Based upon past experience with SFA, or having heard war stories from their peers, salespeople may view SFA as something to be” dealt with.” The required input can be perceived as a burden that mostly benefits others within the organization. In extreme cases, an SFA system can be viewed as “big brother” enabling management to selectively put sellers under a microscope. Salespeople may feign acceptance but work around the system, choosing to enter only those opportunities that appear winnable (or that have already been closed).
By better articulating potential benefits to salespeople—specific metrics for improvement with customers in win rate, reduction in sales cycles, improved cross-selling, quicker startup times, and the like—you can reduce pushback and increase acceptance.
Adoption
Having milestones, a common skill set for salespeople, consistent product positioning and a way to audit opportunities in place will not ensure success unless your sales force uses the technology. In implementing change, human nature is such that the initial reaction tends to be one of resistance. Many salespeople feel sales is far more art than science and may well be skeptical about relying upon the new system as they attempt to achieve their numbers and desired earnings. One idea some companies have adopted that works well is to form an advisory board with representation from the sales organization to ensure input is solicited for changes and enhancements going forward.
Once past the initial learning curve, salespeople discover that administrative tasks take less time. Complete contact information reduces time spent to oversee activities of other staff within their accounts. Lead tracking minimizes the chance of inadequate or no follow-up. Sales managers can share best practices and begin to manage on an exception basis (those that vary from best practices).

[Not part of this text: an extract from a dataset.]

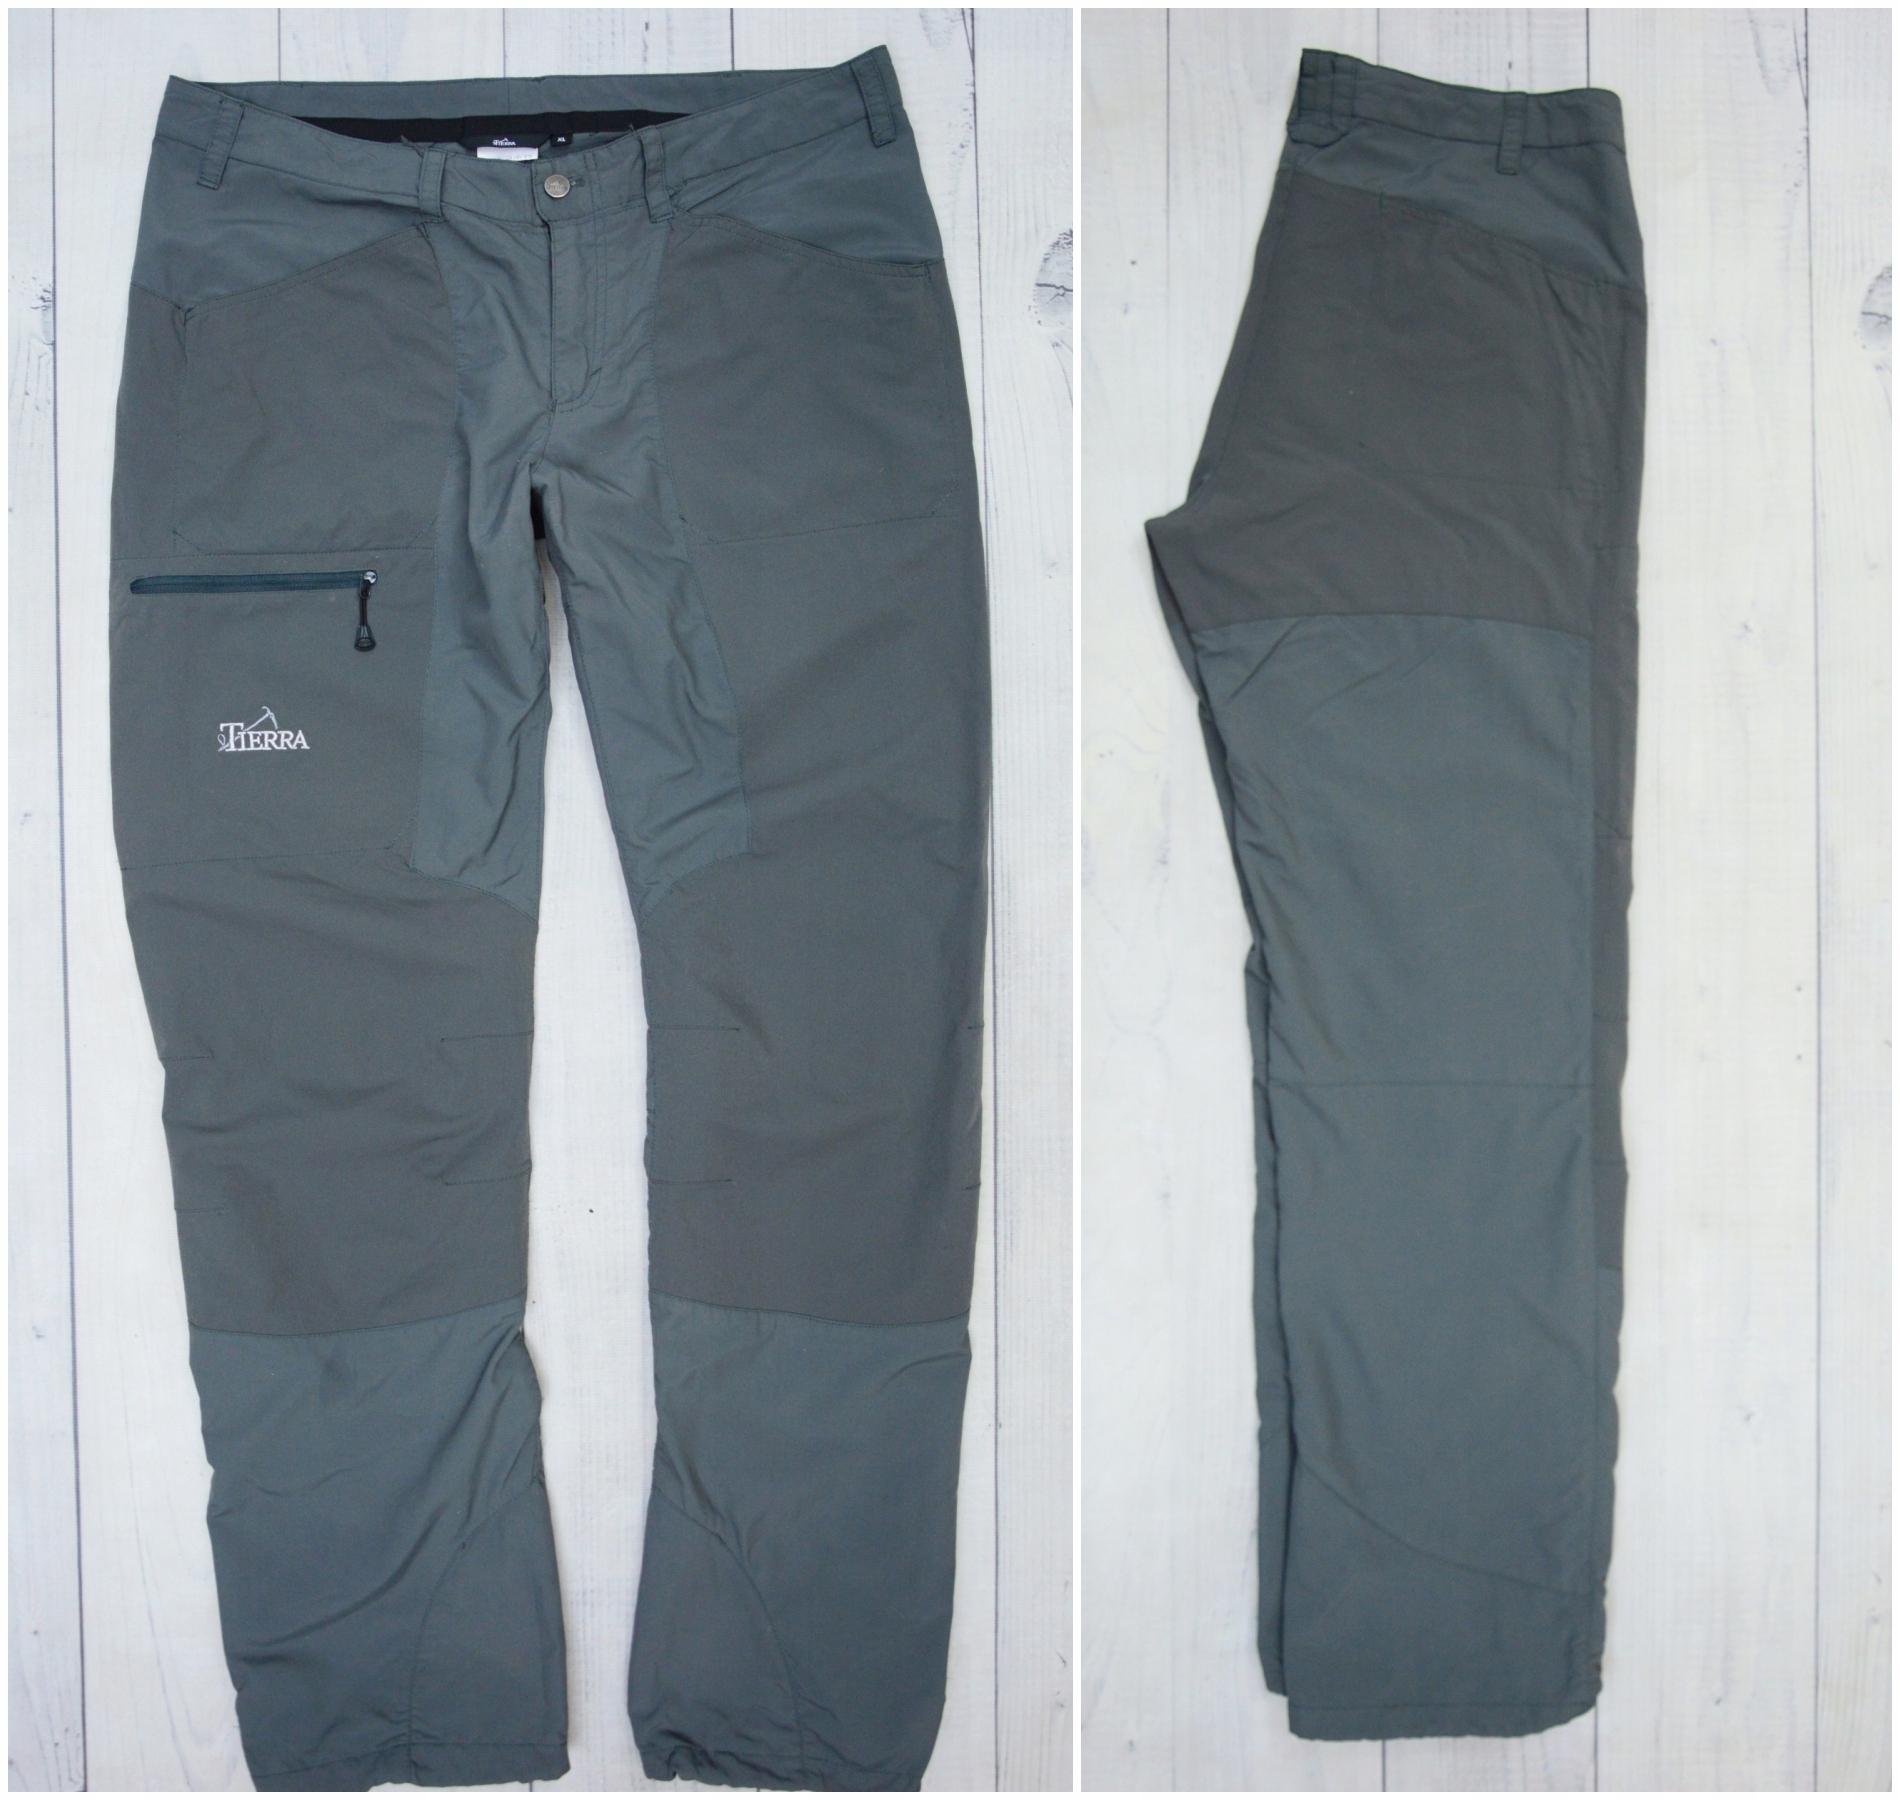 SPODNIE ADIDAS RESPONSE WIND PANTS B47707 r XXL

Acceptance by the entire sales organization should contribute to a higher quality pipeline, shorter sales cycles and a “single version of the truth” for all people to access. Senior management can realize increased revenue because salespeople are making better calls, and the CFO can be confident that the forecast resembles reality.
Management Support
Managers’ support is critical in driving usage of the SFA system. If salespeople sense a lack of commitment by their manager they likely will do whatever minimum gets them through. In the same way salespeople should be “sold” on the personal benefits of SFA, so it should be for first-line managers. If managers had to inspect deliverables input by salespeople before they could grade an opportunity, the adoption would be mandated. Senior sales executives should also imbed the SFA system as one of the fundamental tools sales managers use to assess, support and develop their staff, as well as using the system from their desktops to review the revenue pipeline.